## Provided data

┄┄┄┄┄┄

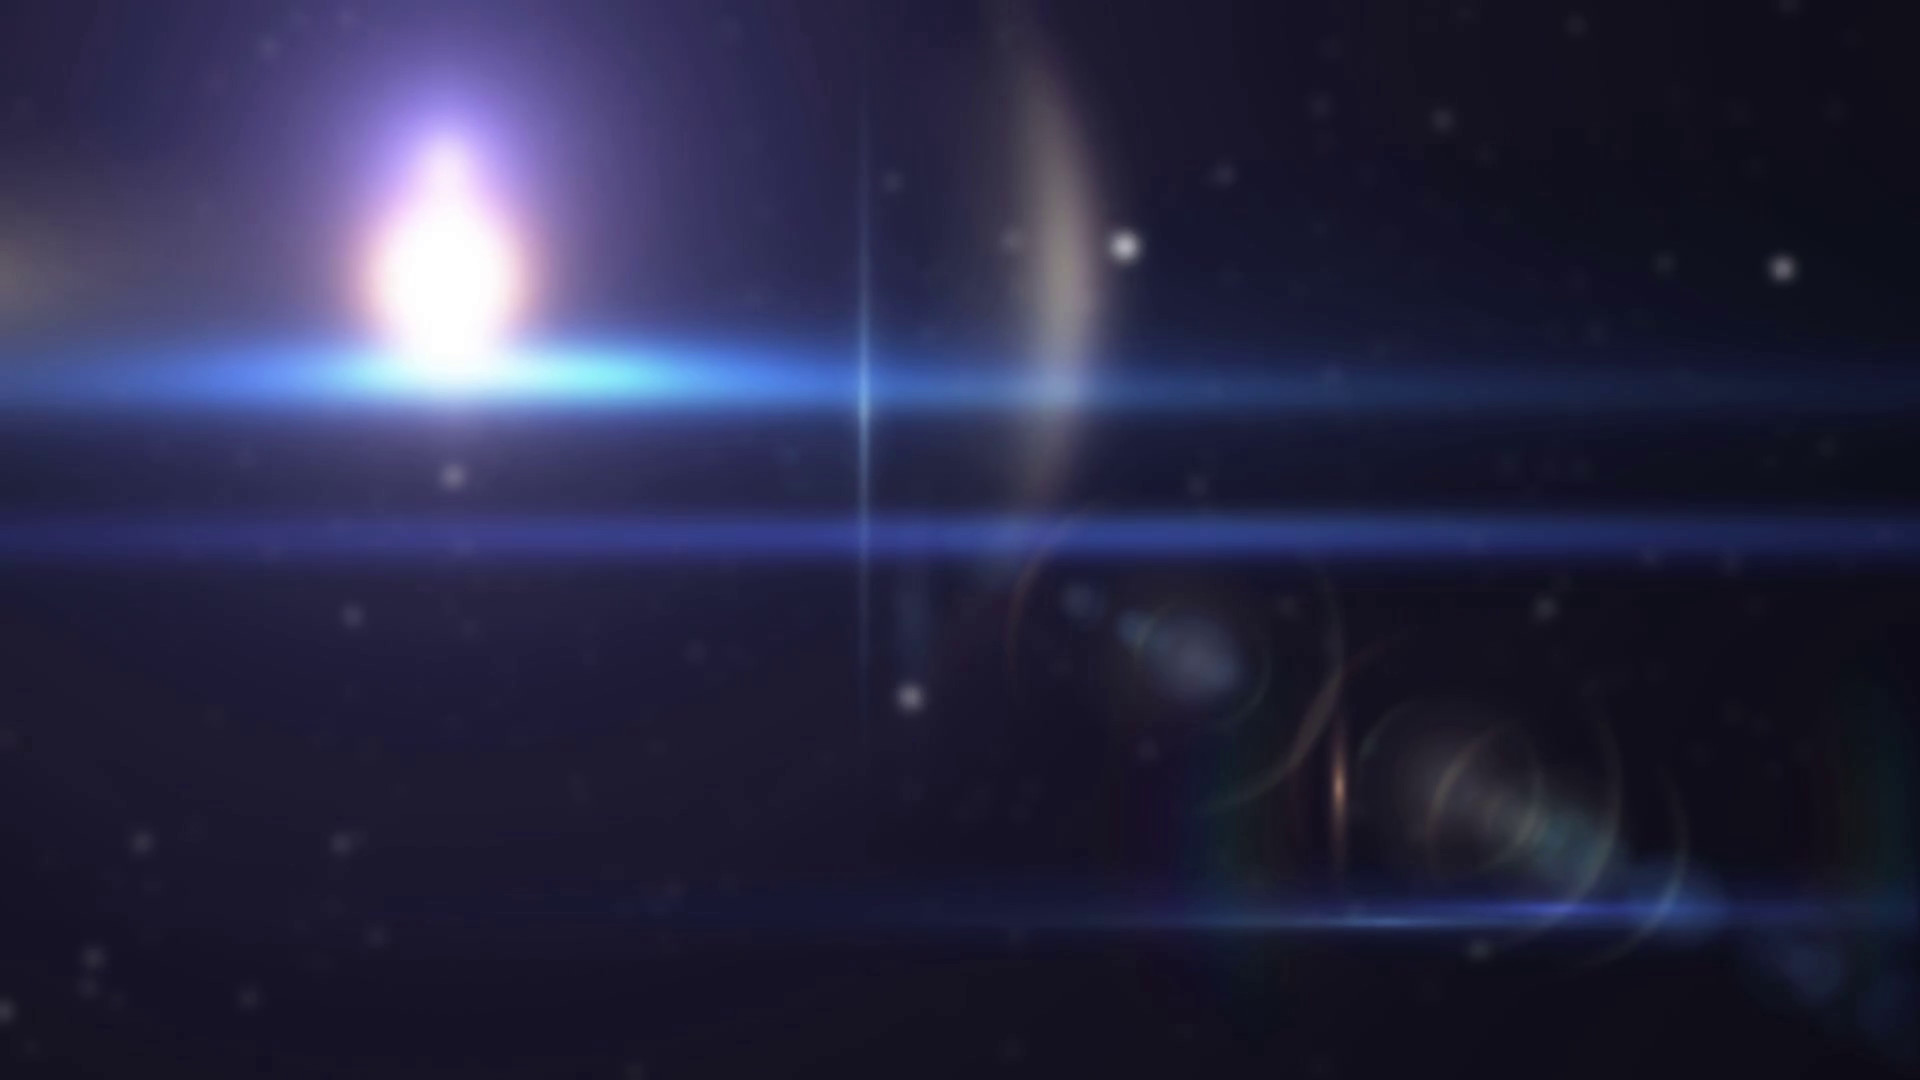 4k Abstract Blue Lens Flare Background With A Sci Fi Solar Science Tech Style Motion Background Storyblocks Video 1920x1080
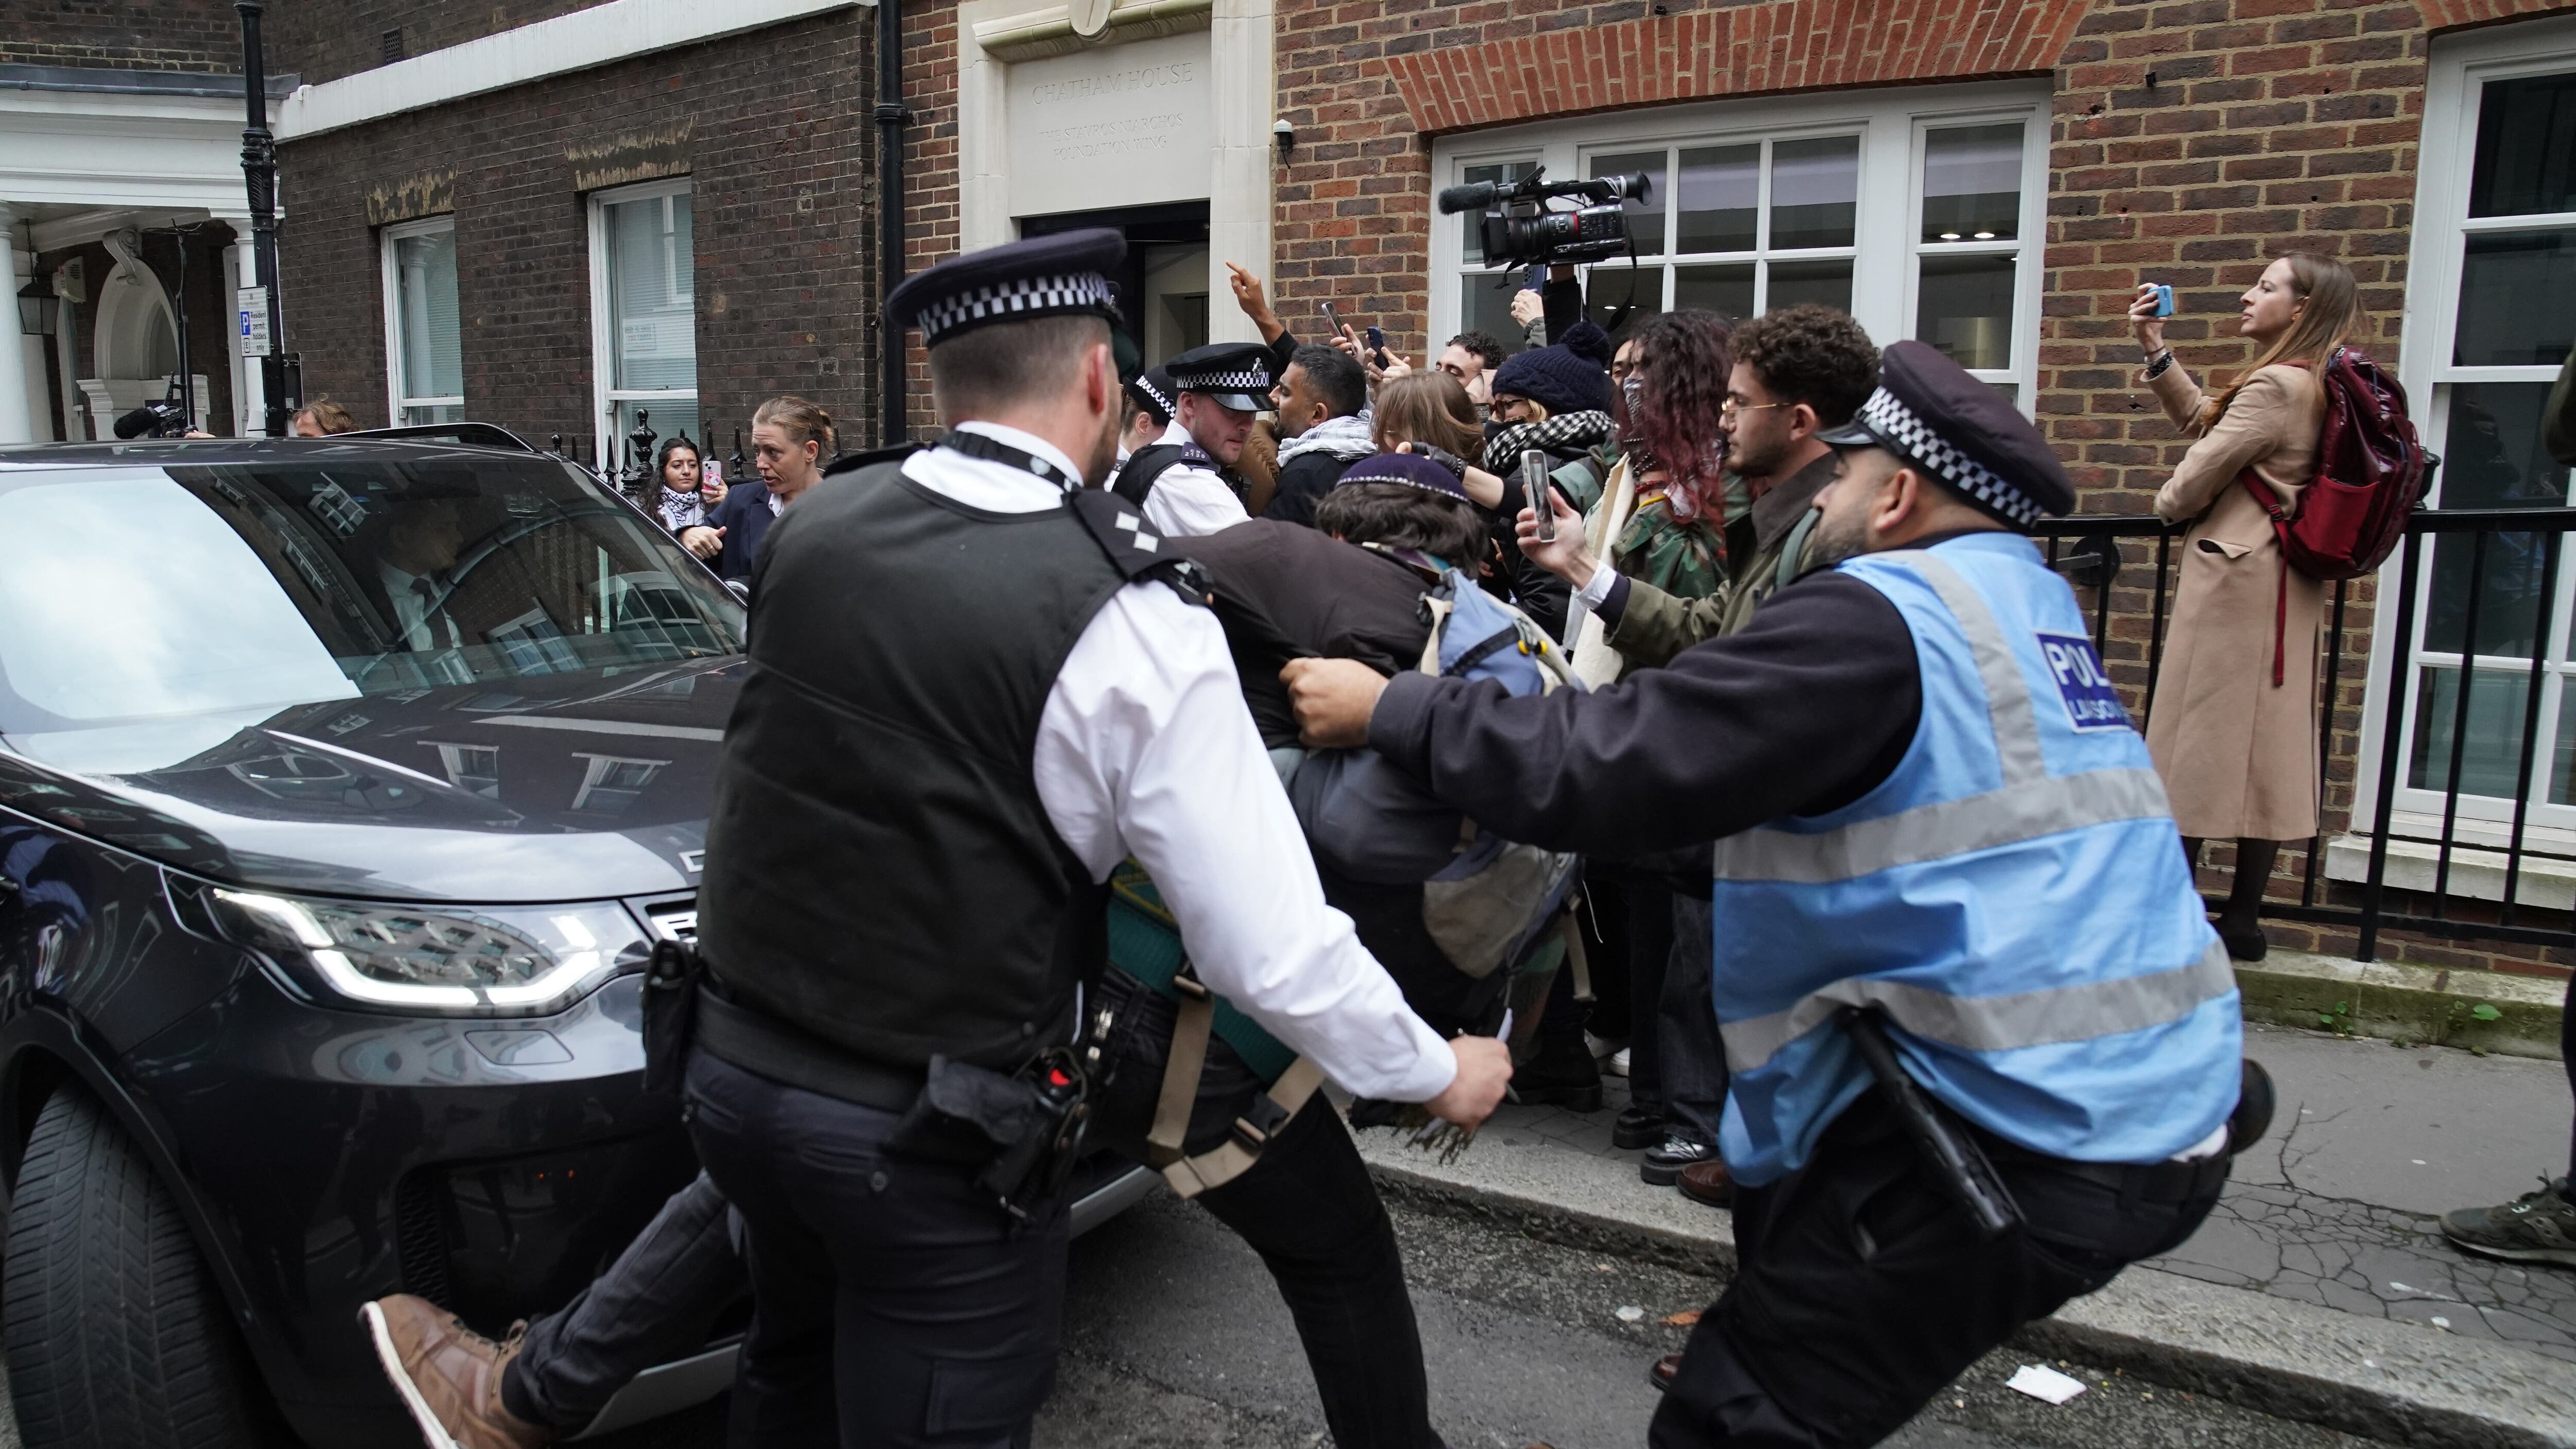 Police officers move a man trying to block Labour leader Sir Keir Starmer’s car as he leaves, following his speech on the situation in the Middle East at Chatham House in central London (Stefan Rousseau/PA)
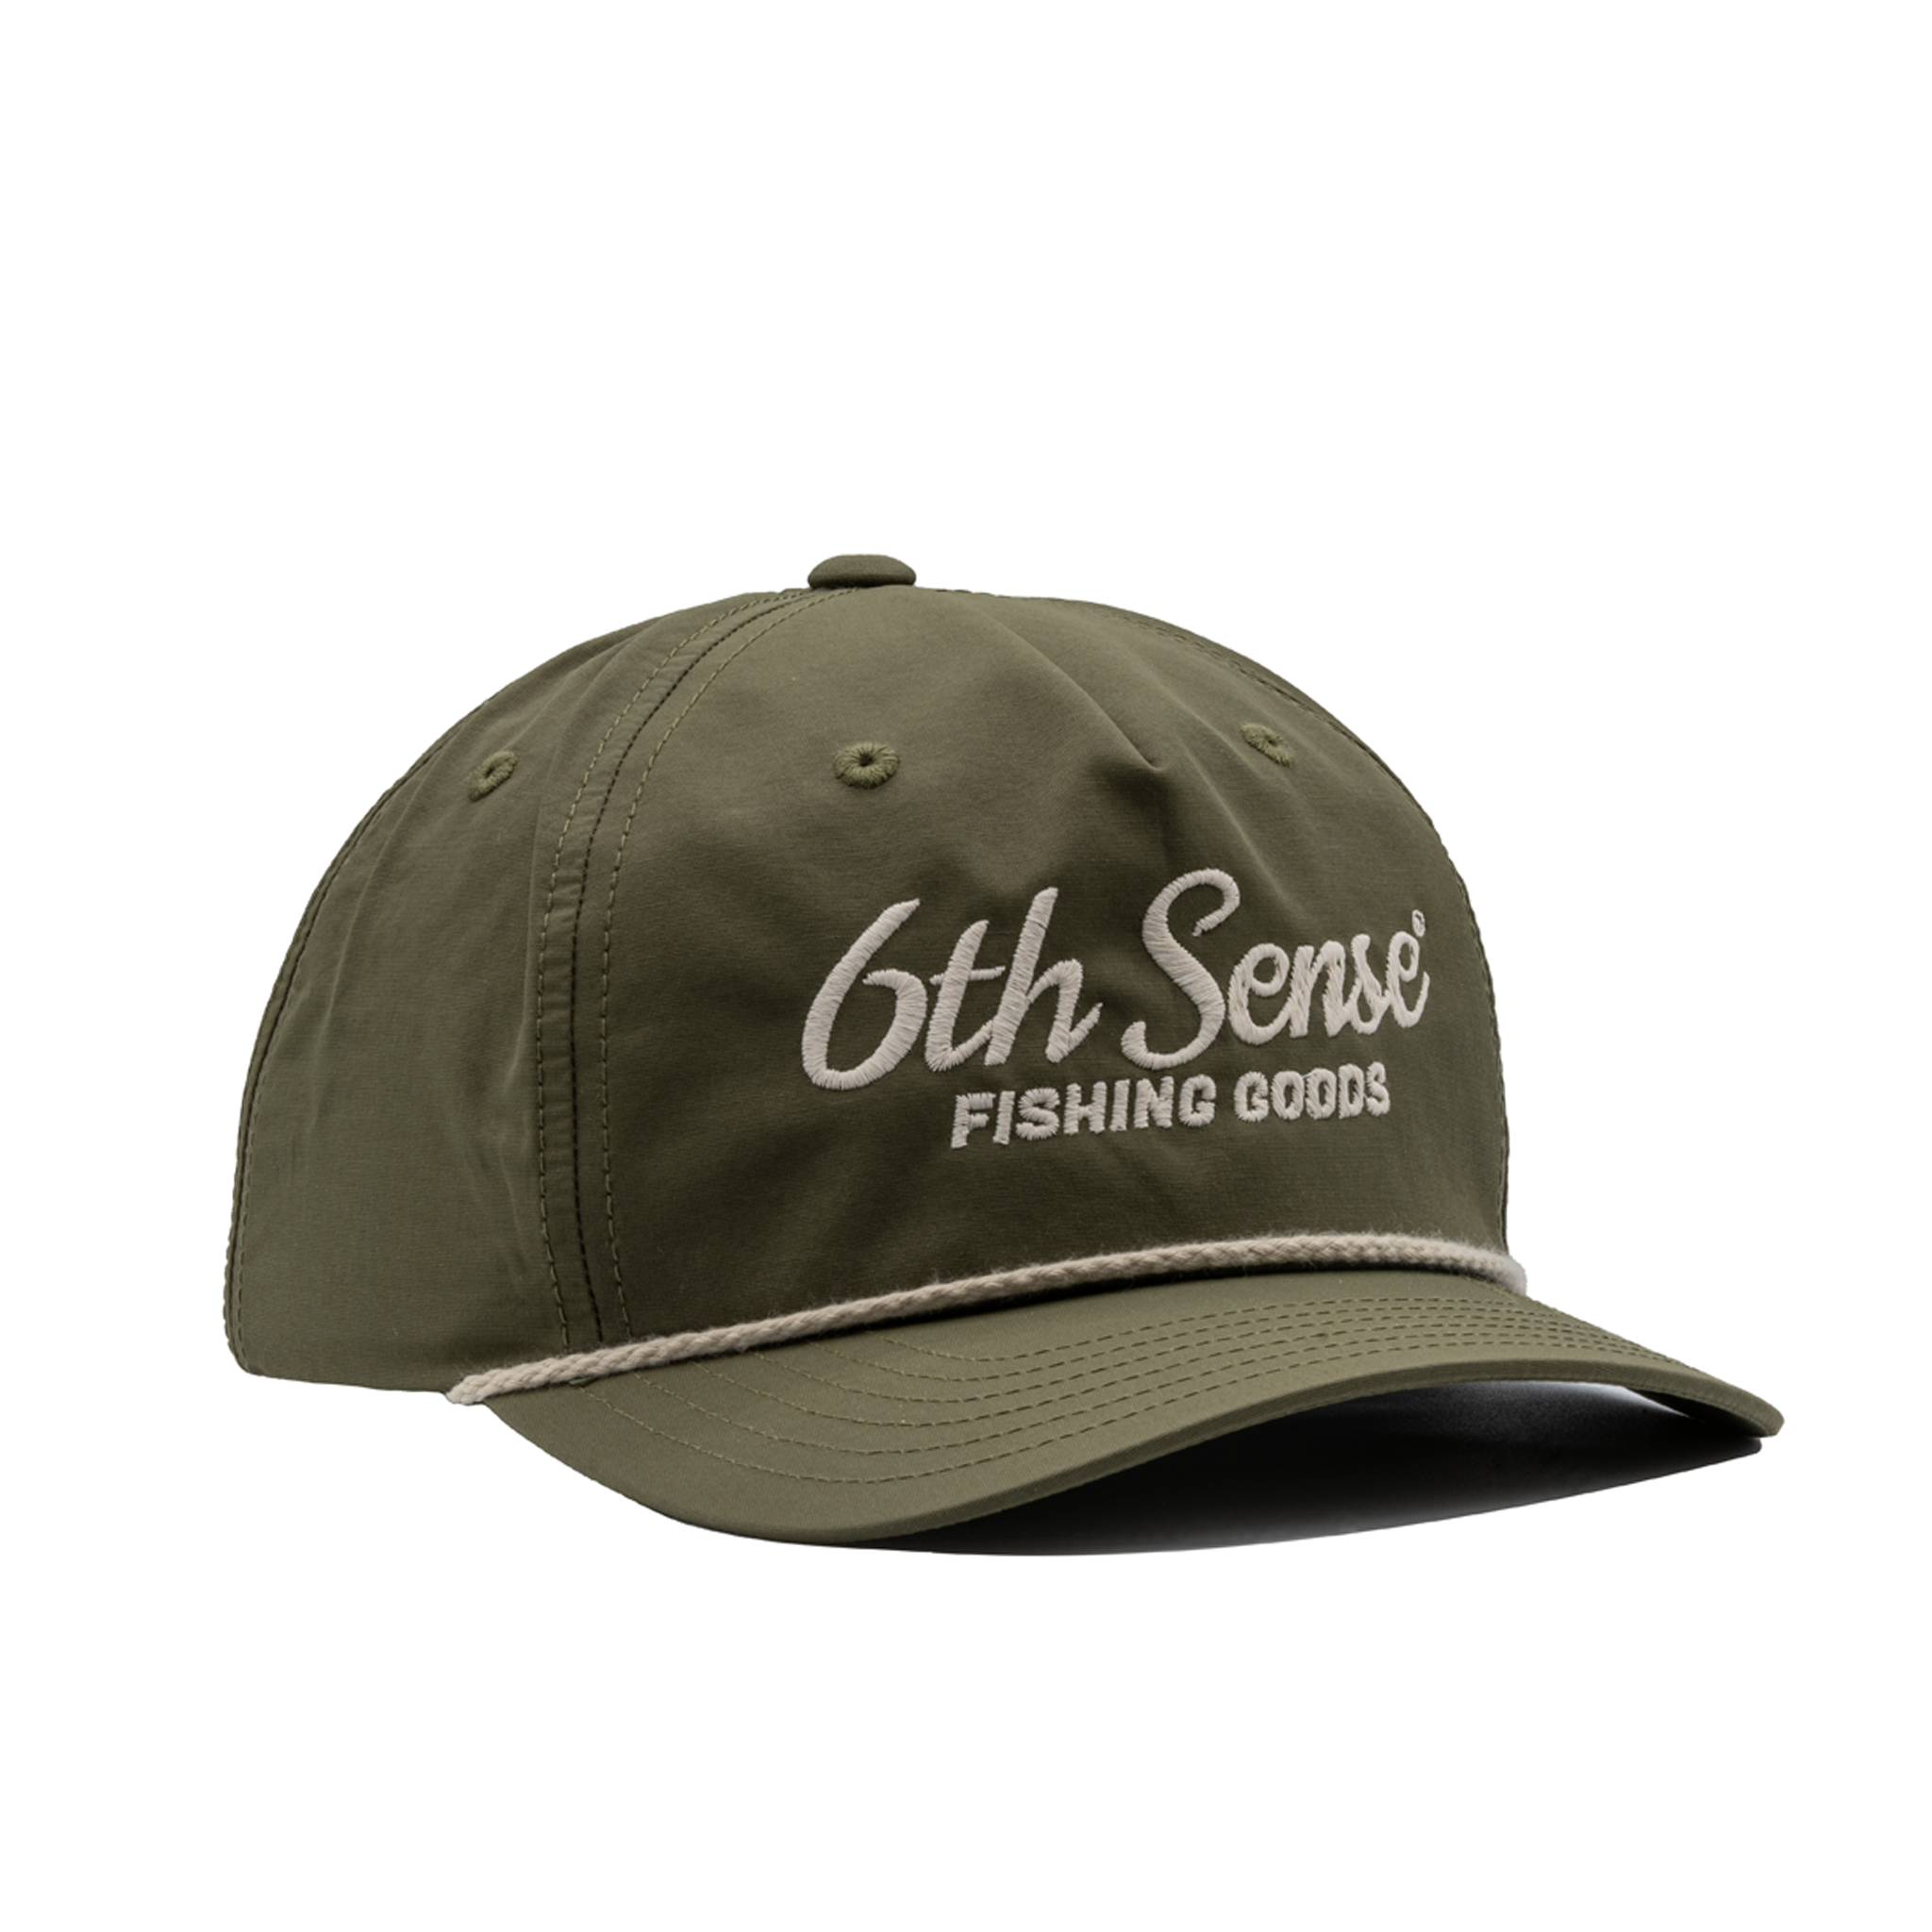 6th Sense Fishing - We've added a few new 'Rayburn' hats to the site. Be  sure and check them out before they're gone! . . . #6thsenselures #6thsense  #bassfishing #6thsensefishing #rayburn

┄┄┄┄┄┄

## What the task asks
Apart from the pictures, every line of the data above should be given again exactly.

## Answer to this exercise
 4k Abstract Blue Lens Flare Background With A Sci Fi Solar Science Tech Style Motion Background Storyblocks Video 1920x1080
 Police officers move a man trying to block Labour leader Sir Keir Starmer’s car as he leaves, following his speech on the situation in the Middle East at Chatham House in central London (Stefan Rousseau/PA)
 6th Sense Fishing - We've added a few new 'Rayburn' hats to the site. Be  sure and check them out before they're gone! . . . #6thsenselures #6thsense  #bassfishing #6thsensefishing #rayburn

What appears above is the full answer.